Products in Clinical Development:
ARGX-113
Gained initial results from Phase 1 SAD study in healthy volunteers Showed compound to be safe and well-tolerated across all doses. Pharmacokinetic (PK) profiles were consistent with expectations and promising PD effects were seen relating to speed, depth and duration of IgG reduction.
Defined doses for MAD escalation. Top line data from Phase 1 MAD study are expected by July 2016.
ARGX-110
T-cell lymphoma (TCL):
Phase 1b safety expansion cohort ongoing in patients with relapsed/refractory TCL.
Presented topline Phase 1 clinical data at workshop in conjunction with the American Society of Hematology (ASH) Annual Meeting showing evidence of early biologic activity.
Will present interim data of the study by mid-2016 and top-line data will by the end of the year.
Acute myeloid leukemia (AML):
Presented preclinical data on ARGX-110 in AML models at ASH (Dec 2015) by argenx collaborators from the University of Bern, Switzerland.; combined preclinical data in chronic myelogenous leukemia (CML) and AML offer strong biology rationale to target leukemic stem cells by blocking the CD70/CD27 pathway.

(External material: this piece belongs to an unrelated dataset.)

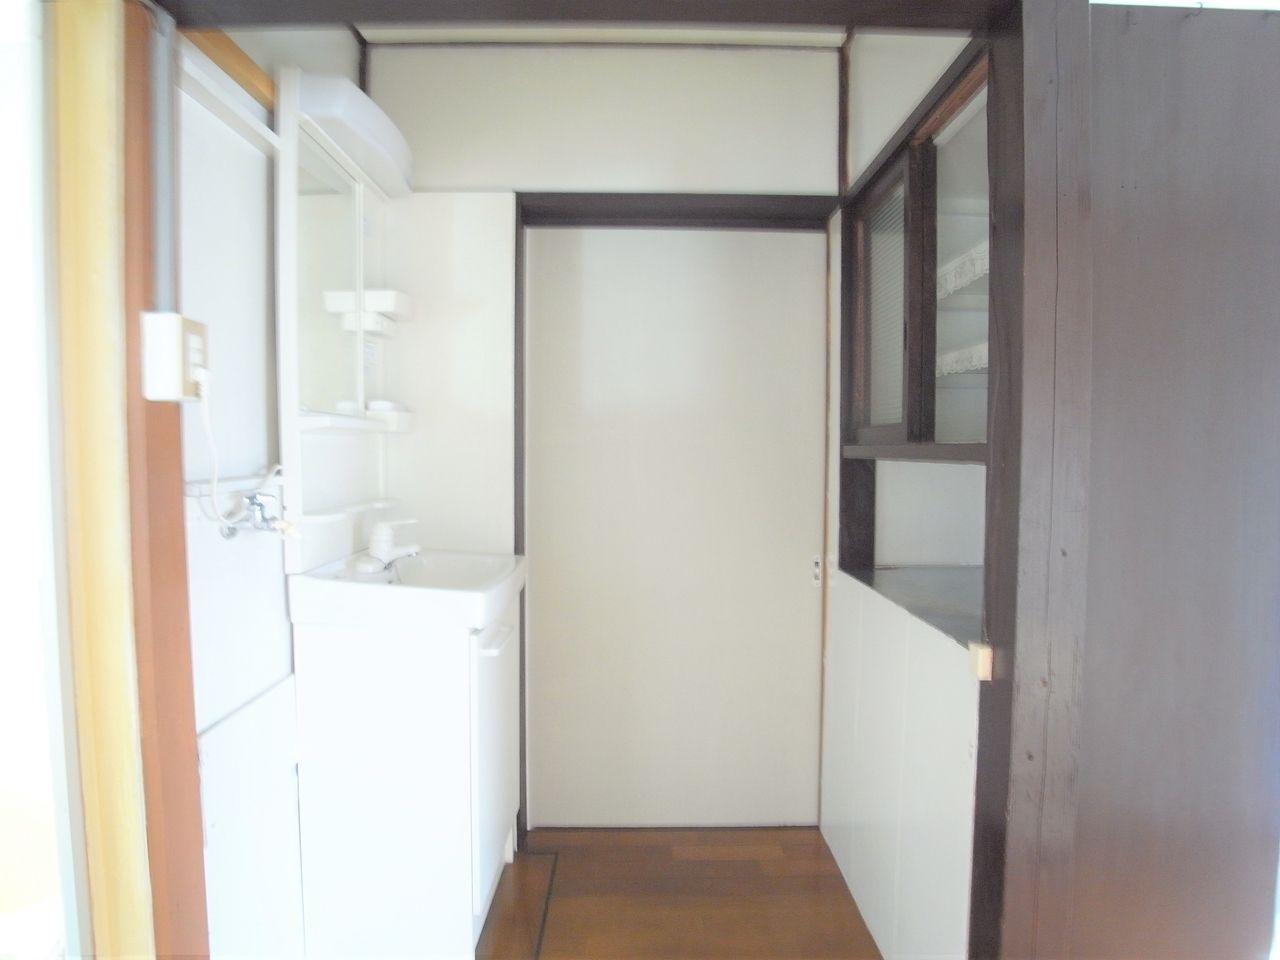 手前には食器棚と洗面台が向かい合っています

·Nasopharyngeal carcinoma (NPC):
Enrolled 6 patients in ongoing Phase 1 safety expansion cohort with Stage 4 NPC patients.
ARGX-111
Phase 1b safety expansion cohort ongoing in MET-amplified, end-stage cancer patients.

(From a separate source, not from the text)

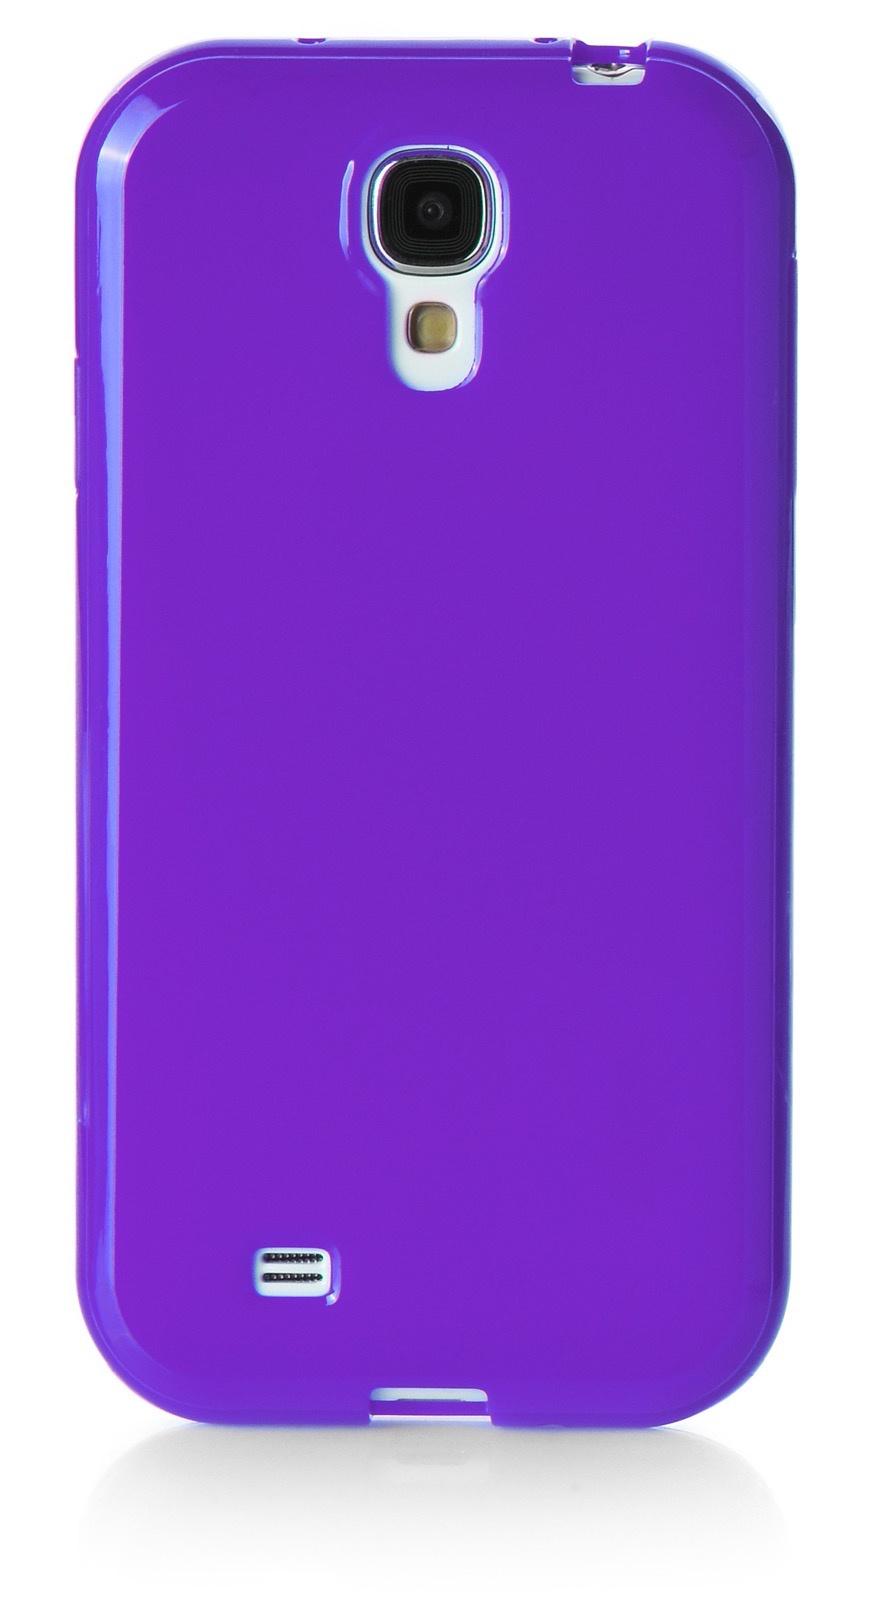 Чехол для сотового телефона iNeez накладка силикон мыльница 450174 для Samsung Galaxy S4, фиолетовый

Presented Preliminary results from Phase 1b trial of ARGX-111 at American Society of Clinical Oncology (ASCO) Annual Meeting (Chicago, May 29) and were consistent with preclinical observations including depletion of circulating tumor cells and a strong safety profile.
Opened three clinics in South Korea, bringing total number of clinical sites to eight.

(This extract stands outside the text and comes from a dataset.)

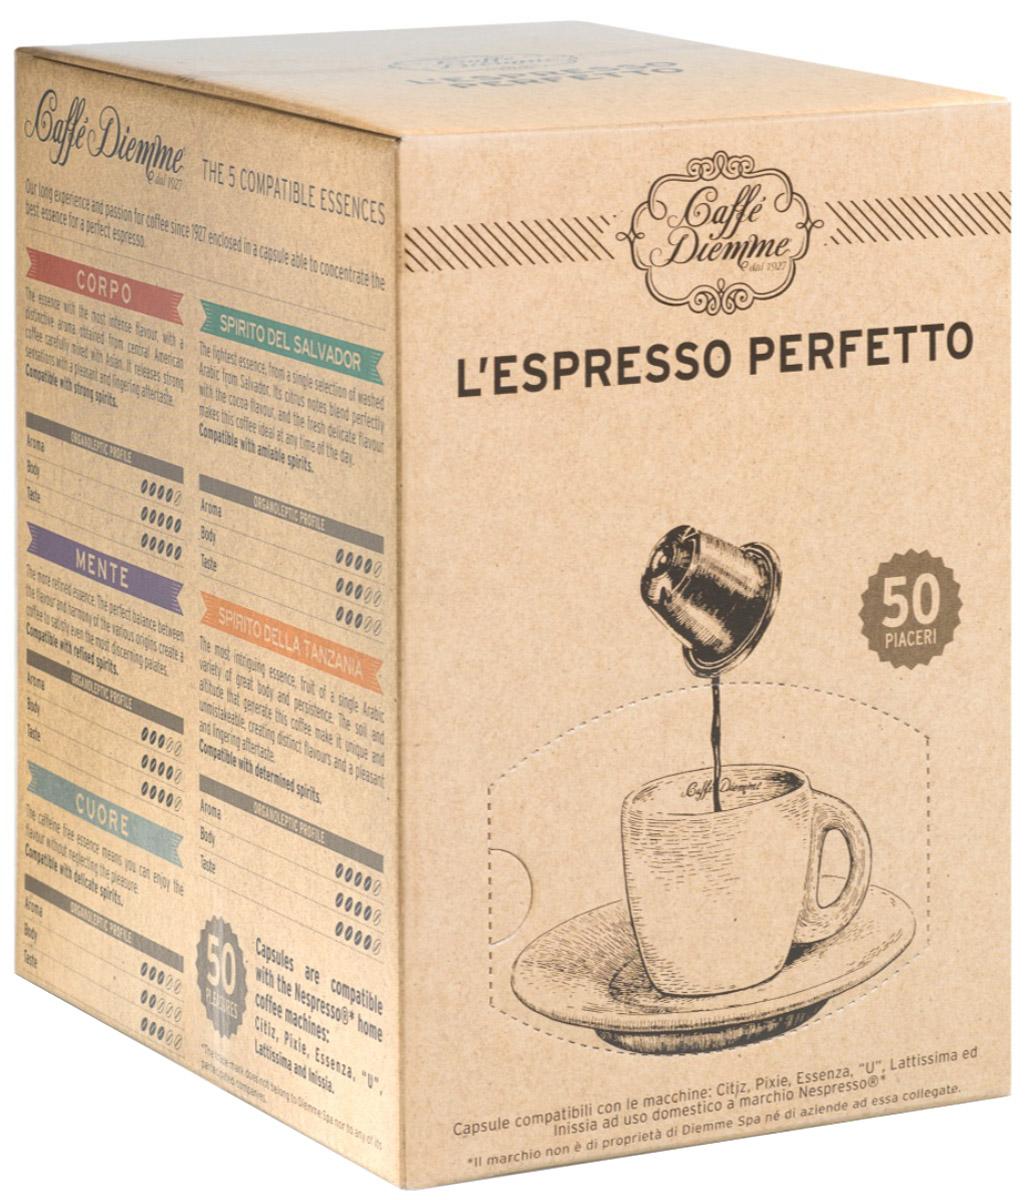 Diemme Caffe Mente кофе в капсулах, 50 шт8003866002104Diemme Caffe Mente наиболее изысканный аромат. Мудрое и гармоничное сочетание зерен различных сортов создало смесь с насыщенным и многогранным вкусом, способную удовлетворить запросы самых требовательных любителей и гурманов. Это достойный вариант для утонченных натур.Уважаемые клиенты! Обращаем ваше внимание на то, что упаковка может иметь несколько видов дизайна. Поставка осуществляется в зависимости от наличия на складе.

Will present interim data of Phase 1b safety expansion cohort by mid- 2016.
Products in Preclinical Development
ARGX-115
In-licensed asset from de Duve Institute/Universite Catholique de Louvain (UCL) through Innovative Access Program.
Published therapeutic potential of ARGX-115 to inhibit immune checkpoint GARP in Science Translational Medicine .
Collaborations and grants
Announced dosing of first healthy volunteer by partner Bird Rock Bio (formerly RuiYi) with gerilimzumab (ARGX-109), a novel SIMPLE Antibody TM neutralizing the IL-6 cytokine for treatment of autoimmune disorders, including rheumatoid arthritis. argenx generated antibody in late 2012 and licensed worldwide development and commercialization rights to Bird Rock Bio.
Launched Innovative Access Program extending reach of proprietary SIMPLE Antibody TM platform to academic centers of excellence and emerging biotech companies.
Initiated new multi-product commercial license agreement with Lonza for proprietary GS Xceed TM System for creation and development of cell lines to be utilized in manufacture of biopharmaceuticals.
Announced alliance with LEO Pharma to develop innovative antibody-based solutions for treatment of chronic inflammation underlying many skin conditions; first milestone payment, for selecting the lead cell line for manufacture of the licensed SIMPLE Antibody TM candidate, was received in January.
Received EUR 1.6 million grant from Institute for the Promotion of Innovation by Sciences and Technology in Flanders (IWT) to advance application of proprietary NHance® technology platform.
Corporate
Continued execution of IP strategy with multiple grants and notices of allowance for SIMPLE Antibody TM platform (U.S, EU) and ARGX-111 program (Japan, EU) - 13 patents granted and 104 pending patents.
Appointed Nicolas Leupin, MD, MBA, as Chief Medical Officer. Dr. Nicolas Leupin most recently held senior clinical development positions at Celgene as European clinical lead for lenalidomide. Prior to his move into the pharmaceutical industry, Dr. Leupin spent several years as a hematologist/oncologist at the Cancer Center of the Lausanne University Hospital and Bern University Hospital.
Announced several Board of Directors changes including the appointment of Dr. J. Donald deBethizy as Non-executive Director and the resignation of Non-executive Directors Dr. Bruno Montanari, Dr. Harrold van Barlingen and Michael Sheffery. Dr. Pam Klein agreed to serve as an advisor to the Board and Christina Takke having left Forbion Capital Partners now serves as an independent Non-executive board member within the meaning of the Dutch Corporate Governance Code (provision III.2.2).
Increased headcount to 49 persons in support of the expansion of the business.